Die Quintessenz meiner Darstellung ist aber, Tarifautonomie nicht als defizitär zu begreifen gegenüber einer wahrhaft wirtschaftsdemokratischen Ordnung, sondern eben als Erscheinungsform, die die Demokratie unter den Vorzeichen der modernen Gesellschaft annimmt. Unter diesen Vorzeichen bezeichnen Tarifautonomie und Wirtschaftsdemokratie dasselbe.
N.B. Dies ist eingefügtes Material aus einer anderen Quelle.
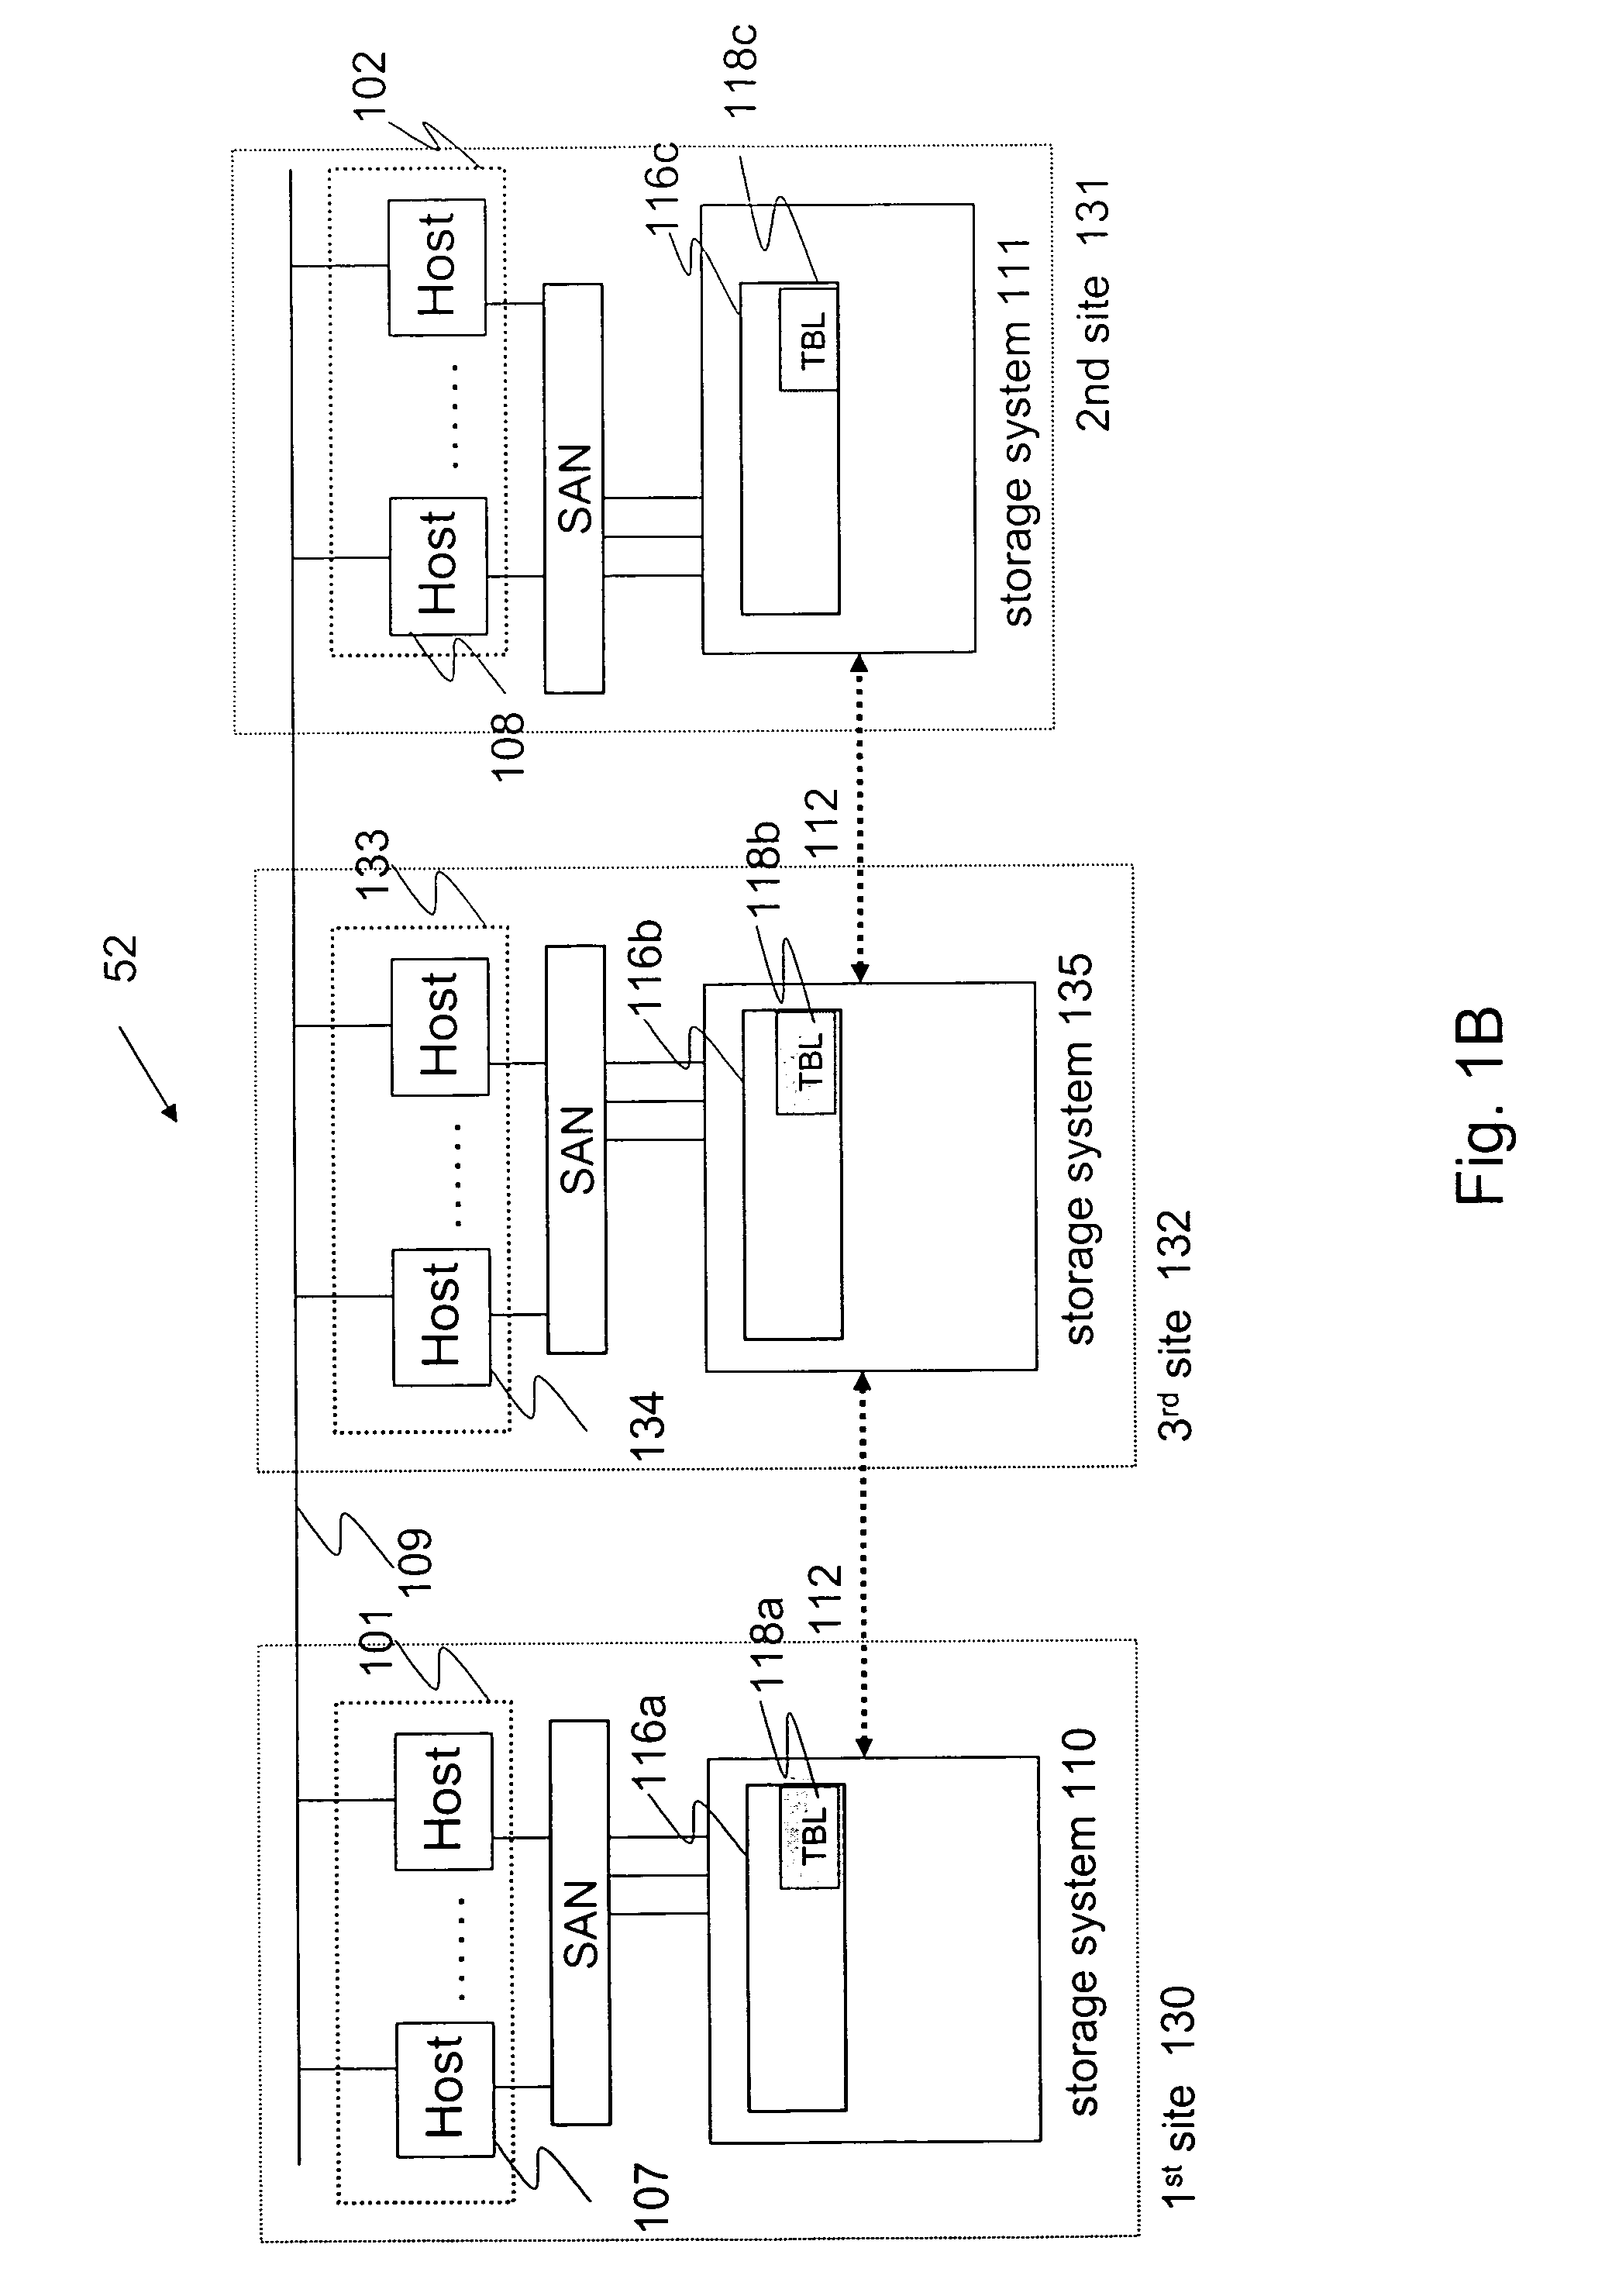 Apparatus and method of heartbeat mechanism using remote mirroring link for multiple storage system

Gerechtigkeit in den Arbeitsbeziehungen ist unter liberalen Bedingungen keine Angelegenheit des Staates. Aber es ist auch keine Privatsache. Es ist eine Sache der Demokratie. Demokratie als Tarifautonomie.

 

[1] Jedenfalls verfehlt die Vorstellung der Gleichursprünglichkeit den demokratischen Rechtsstaat, als dessen Theorie sie antritt. Den demokratischen Rechtsstaat zeichnet schließlich aus, dass die private Autonomie die Reichweite der politischen Autonomie begrenzt, darum kann der Inhalt privater Autonomie nicht durch politische Autonomie bestimmt sein. Die Grenze bildet die Menschenwürde (Art. 1 Abs. 1 GG) und jedenfalls der Wesensgehalt der Freiheitsrechte (Art. 19 Abs. 2 GG). Die begrenzen auch gegen die verfassungsändernde Autonomie (Art. 79 Abs. 3 GG).